Людей, собиравшихся в особняке, объединяли, скорее всего, политические интересы неприятия большевизма. Многие из них надеялись повоевать с большевиками, и много спорили о том, как выводить страну из тупика. Все они были верующие, православные, но без оттенка фанатизма. Это были вполне светские молодые люди, из хороших семей, детство их прошло до революции, а молодость и зрелость — при большевиках. В общем, внутренняя эмиграция второго поколения, которое, в принципе, должно было спасти Россию, но не спасло из-за тупости руководства Рейха в русском вопросе. Эта тупость и стоила им головы, они сломали себе шею именно среди одичалых русских полей. Как все традиционно-русские люди, Нарышкинская молодежь была умеренно православной, как и их отцы, и деды, но им была нужна своя церковь.
Хозяин особняка такую для них создал, и все с удовольствием туда ходили молиться, исповедоваться и причащаться. Это была скорее клубно-полковая походная церковь при некоем антисоветском объединении. Заговором это сообщество назвать было нельзя — это было объединение, имевшее далекие планы. Тогда не они одни мечтали создать политическое движение. Кто-то из этих молодых людей имел связь с немецким посольством.
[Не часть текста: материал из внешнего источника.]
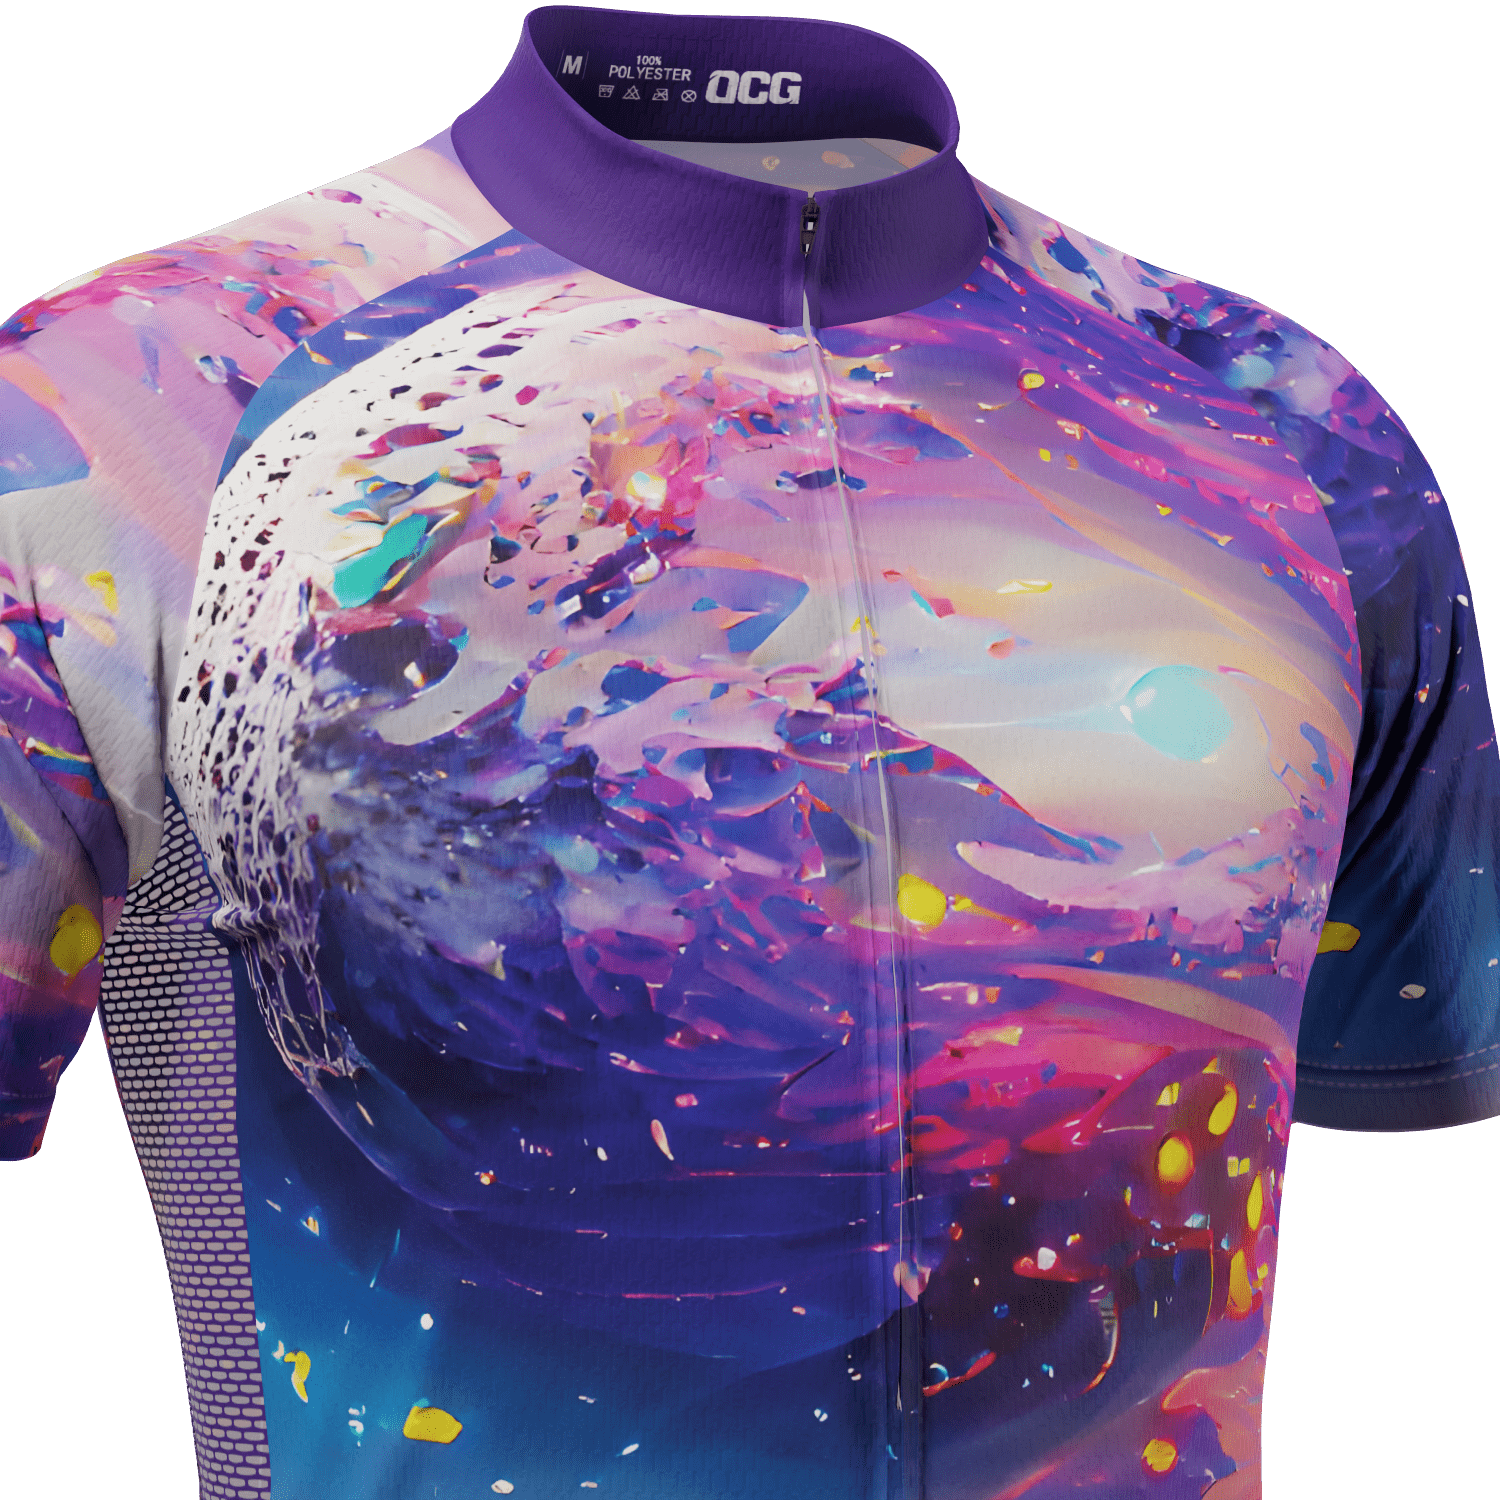 Men's Planets Short Sleeve Cycling Jersey

Языки-то они все хорошо знали, возможно, среди них кто-то был и агентом немецкой разведки. В особняке при наступлении немцев на Москву уже был переодетый в штатское немецкий офицер, перешедший фронт. Моему отцу в начале войны сестры сказали: «Глеб, можешь быть спокоен, когда немцы войдут в Москву, твоя семья будет в безопасности».
Любые пропуска, любые документы и бланки (причем, подлинные) в доме были. Откуда — отец не знал. Сестры спасли жизнь моему отцу, когда его захотели взять в перебитое под Москвой ополчение. Кому-то из врачей сестры позвонили, и те сделали документ, что он — законченный идиот, которого нельзя близко подпускать к оружию. У меня эта справка о его психастении сохранилась. А то бы его обязательно убили, как остальных, ведь некоторые ополченцы сидели в окопах буквально с палками, пугая немцев, так как не хватало винтовок.
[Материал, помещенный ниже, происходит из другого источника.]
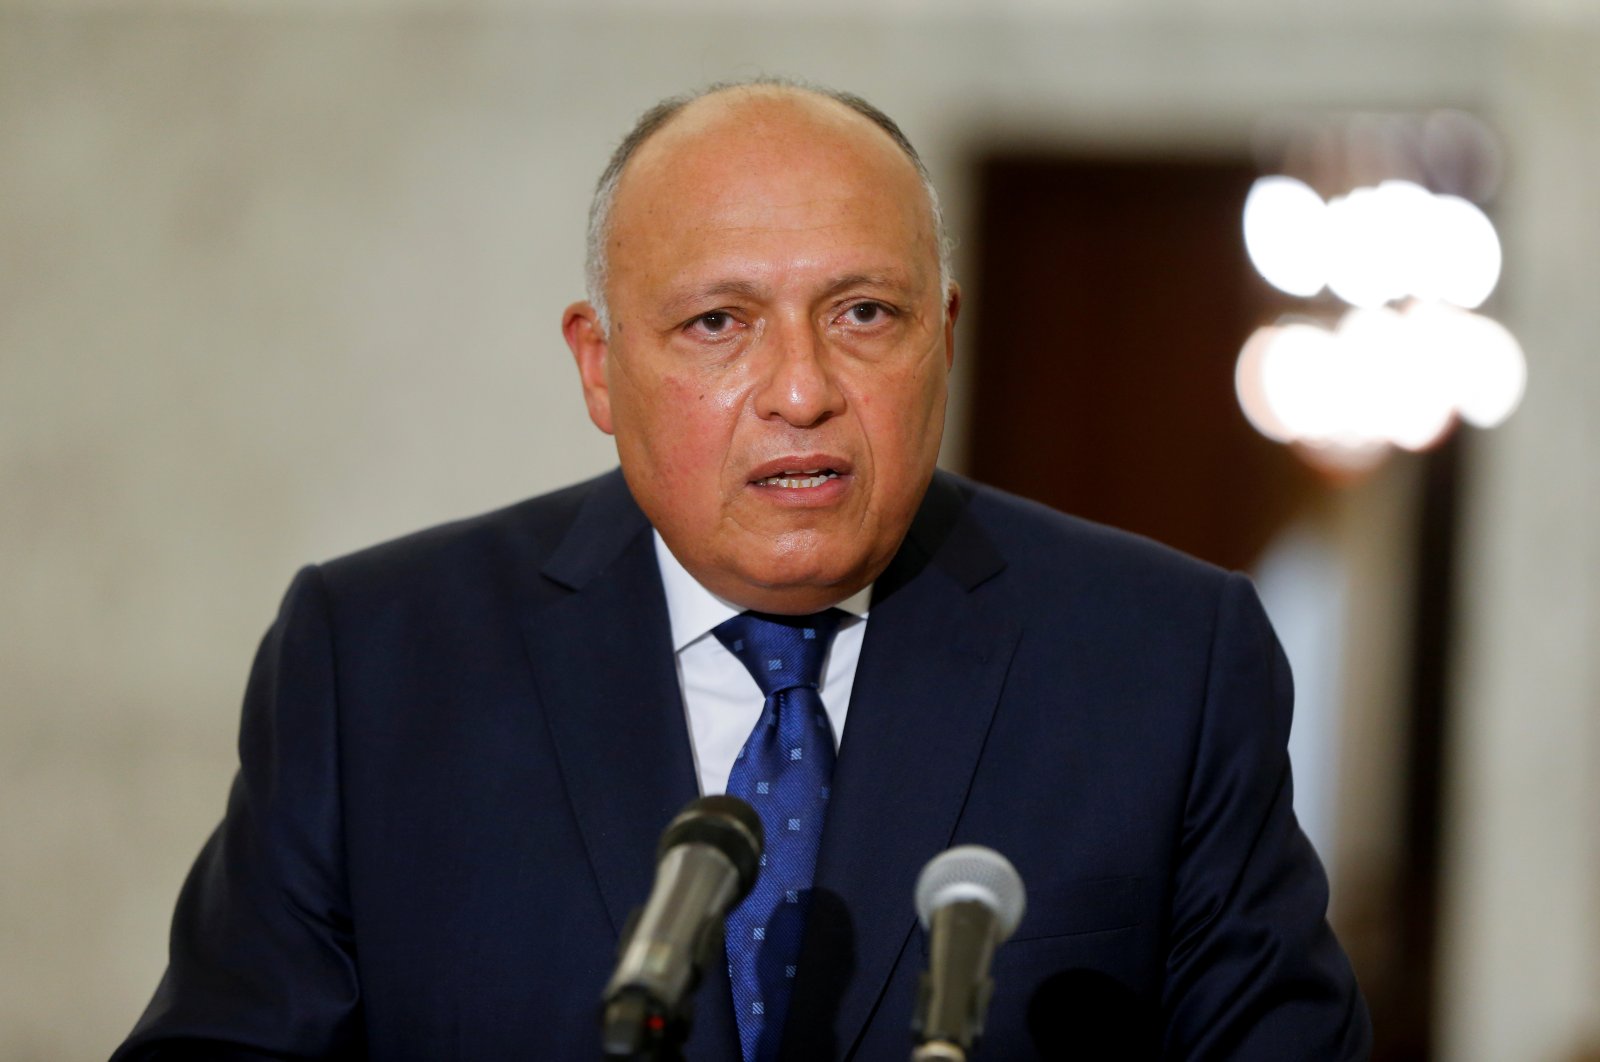 Egyptian Foreign Minister Sameh Shoukry speaks after meeting with Lebanon's President Michel Aoun at the Presidential Palace in Baabda, Lebanon, April 7, 2021. (Reuters File Photo)

После женитьбы отец несколько отошел от этой компании, так как, будучи сугубо штатским человеком, избегал поездок в леса, под Волоколамск, для совместных стрельб из револьверов. Летом многие ездили под Волоколамск, на чью-то дачу, и там, в глухом лесу, стреляли в цель. Отец отнюдь не готовился к вооруженной борьбе с красными, хотя хорошо стрелял с детства. Наглядевшись крайних ужасов гражданской войны на Украине, он на всю жизнь испугался и решил жить как мудрый пескарь — тихо. У него были книги, жена, сын, студенты — и всё. Надев на себя шоры, он решил ото всего отойти. Любимой его фразой было: «Я ничего не знаю, ничего не понимаю и всего боюсь». Хотя понимал все, но и боялся всего. Он пошел по линии своих либералов-родителей, решивших образовывать русский народ.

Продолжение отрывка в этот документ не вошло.